• **TRY IT**
In your reply, print every line of the listing exactly and omit all images.

• **DATA SECTION**
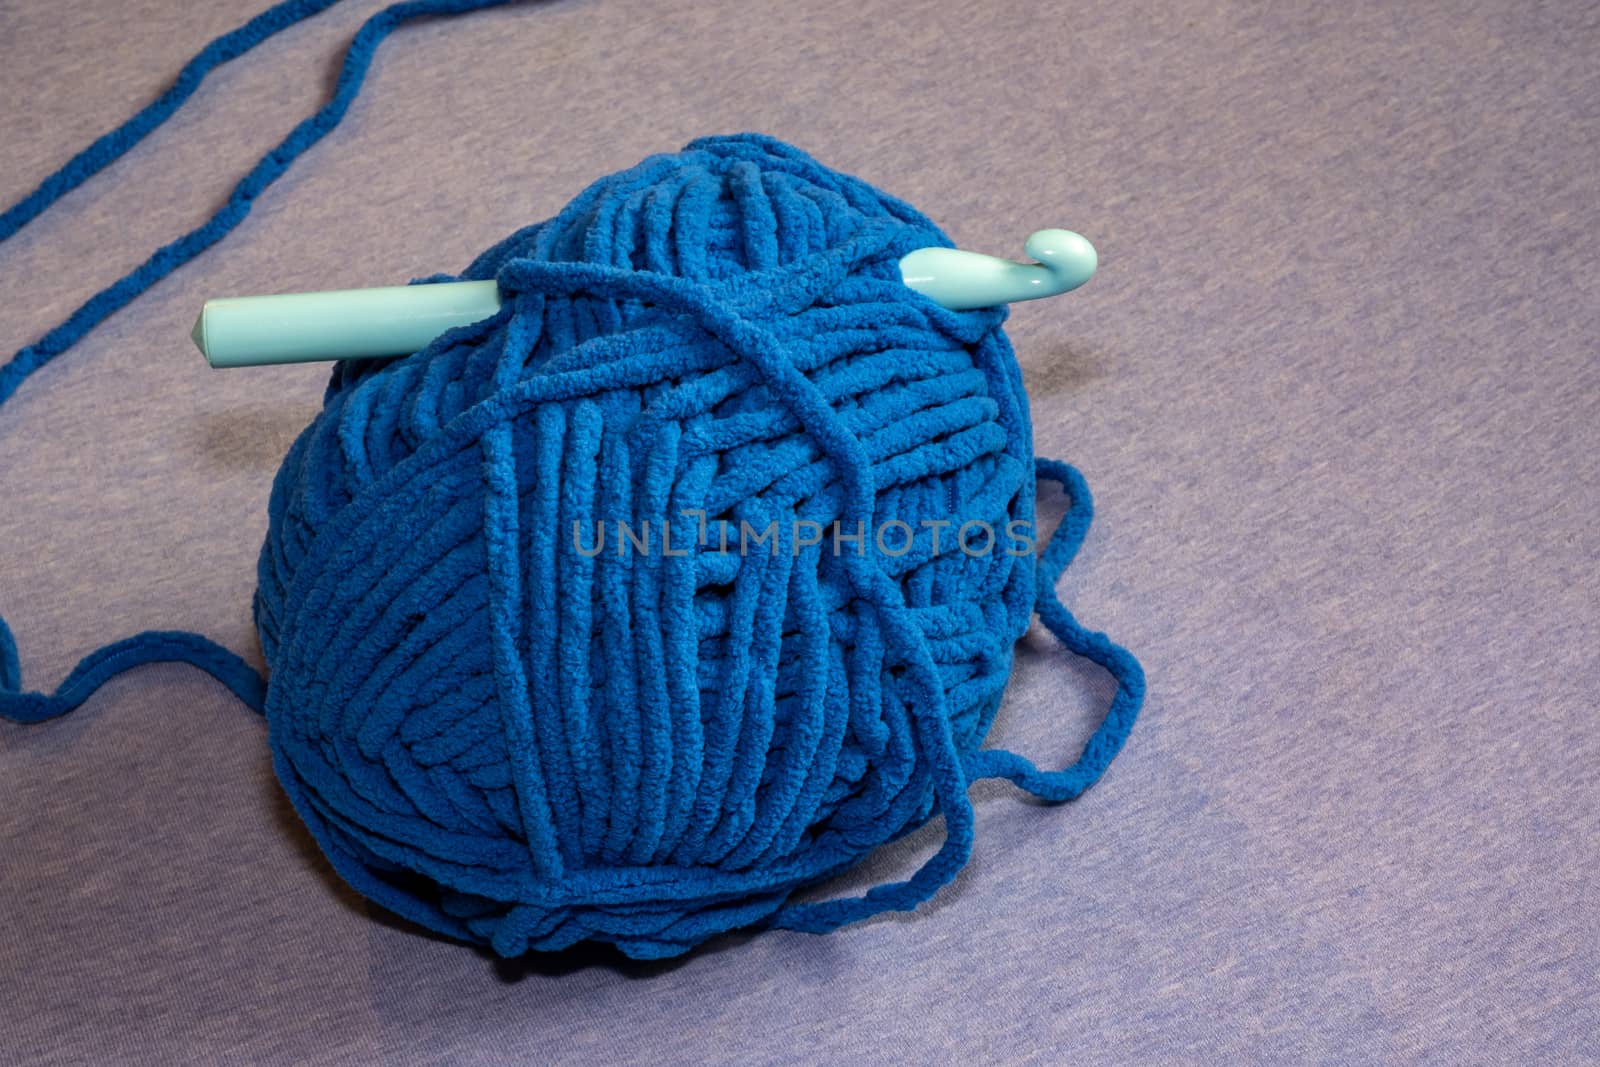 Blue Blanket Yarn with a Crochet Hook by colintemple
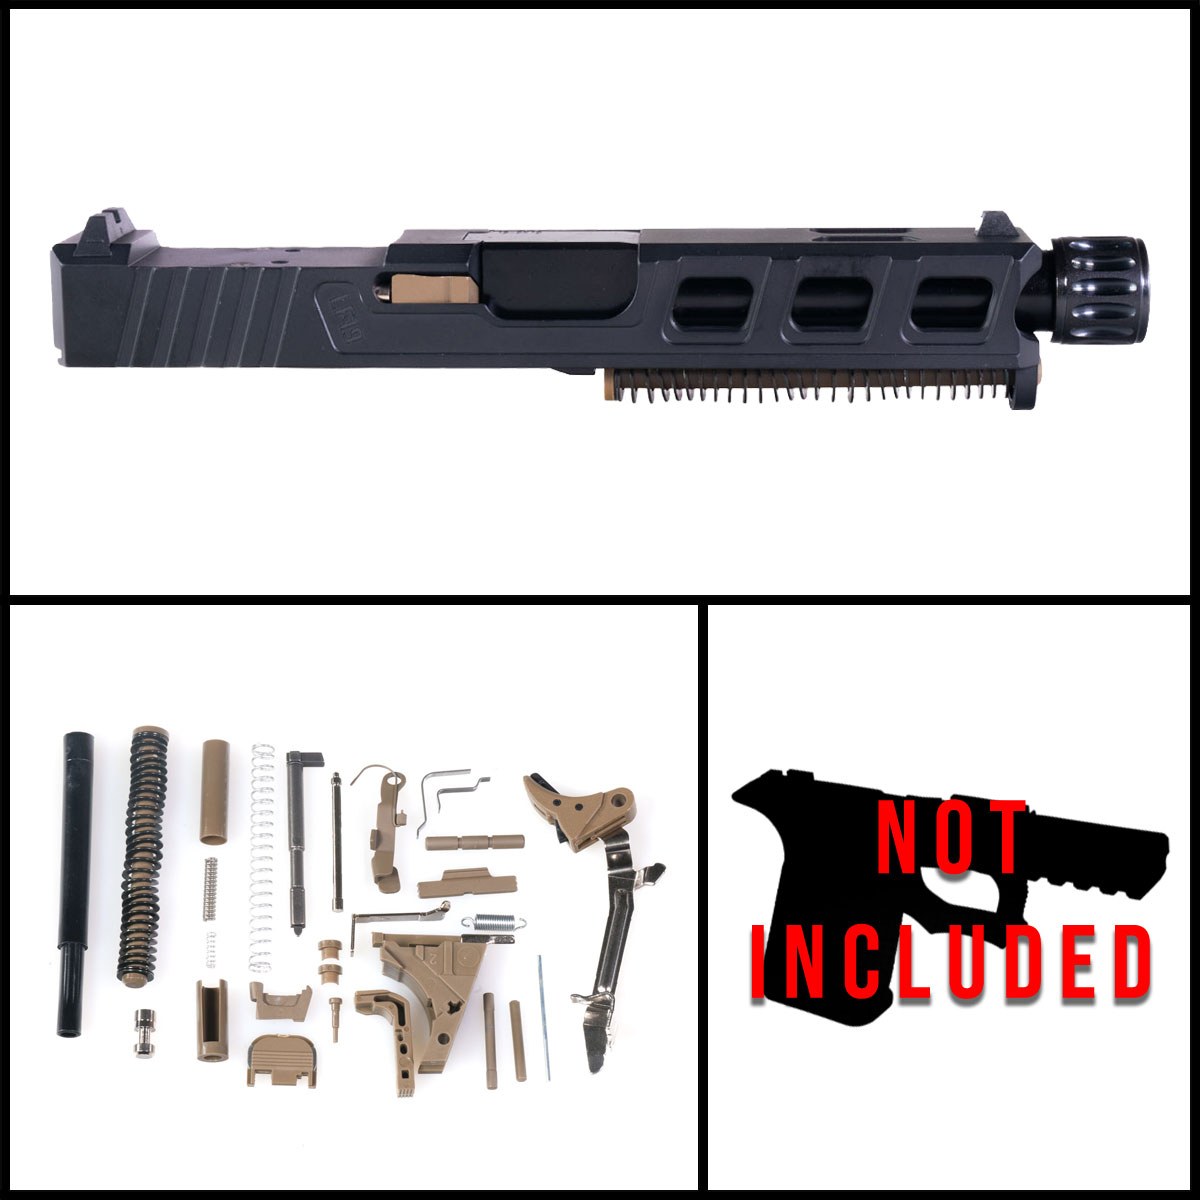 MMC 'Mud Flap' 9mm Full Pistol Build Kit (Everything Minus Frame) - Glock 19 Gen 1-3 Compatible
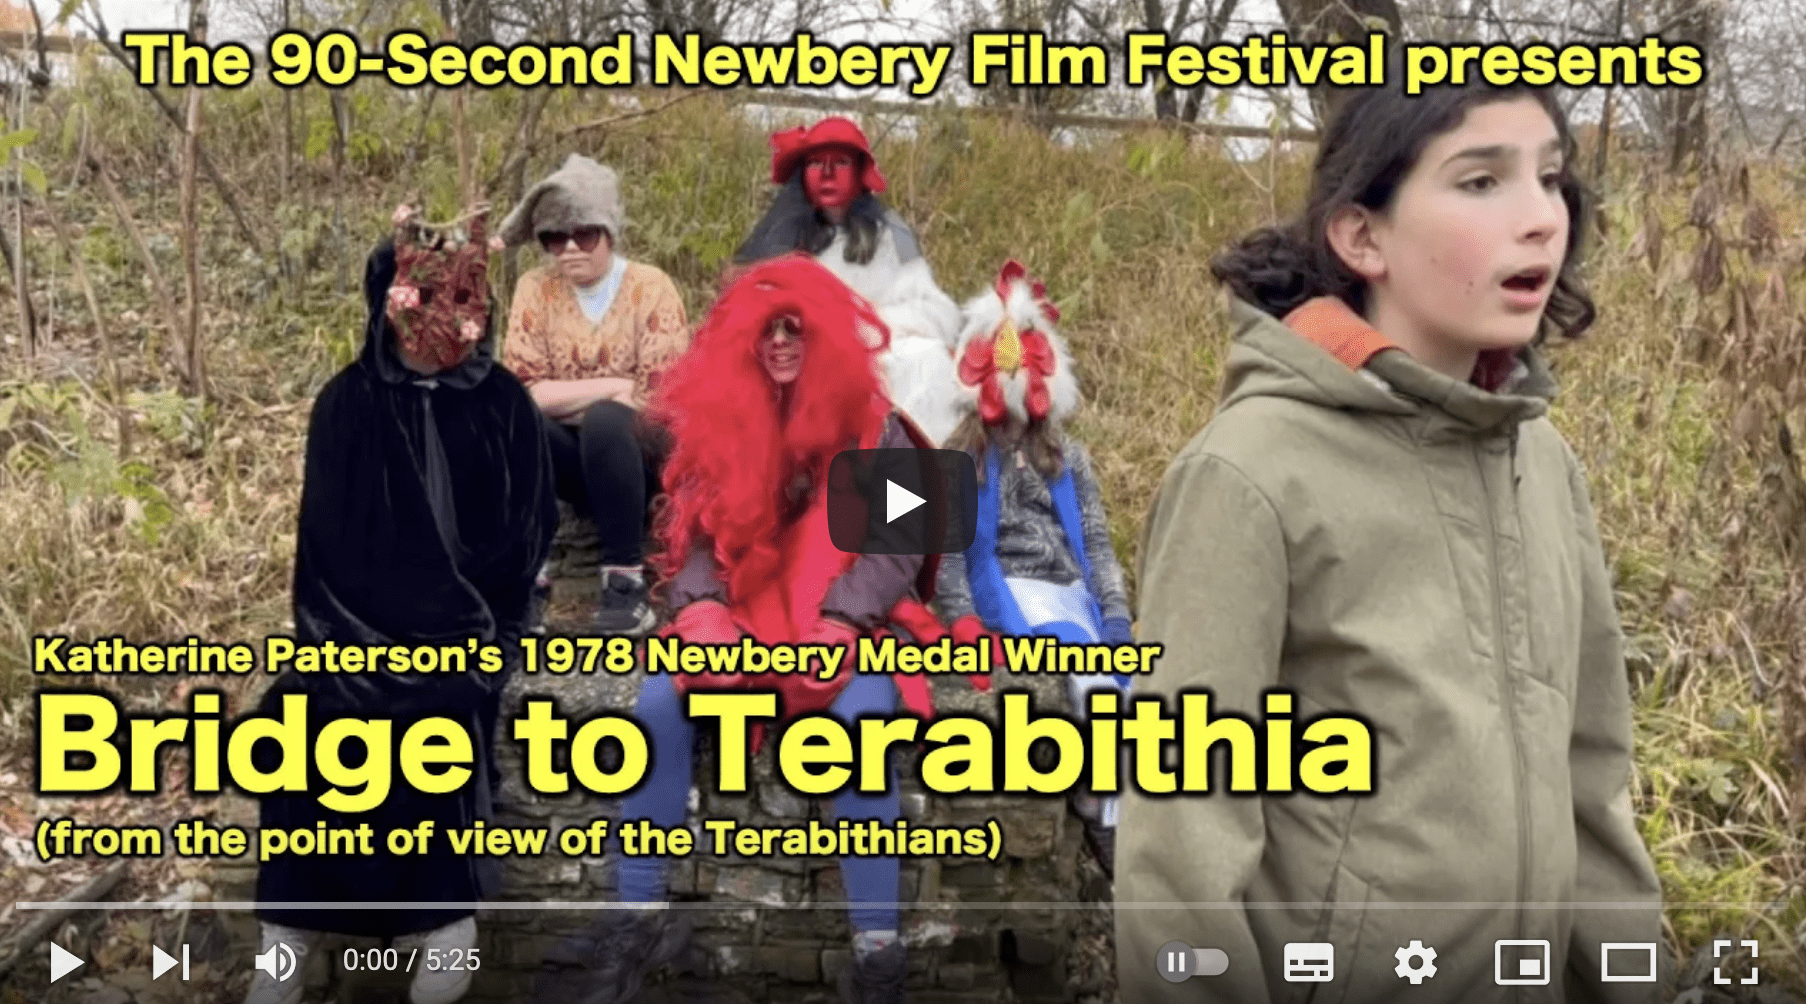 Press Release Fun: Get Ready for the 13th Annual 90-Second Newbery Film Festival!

• **EXERCISE SOLUTION**
 Blue Blanket Yarn with a Crochet Hook by colintemple
 MMC 'Mud Flap' 9mm Full Pistol Build Kit (Everything Minus Frame) - Glock 19 Gen 1-3 Compatible
 Press Release Fun: Get Ready for the 13th Annual 90-Second Newbery Film Festival!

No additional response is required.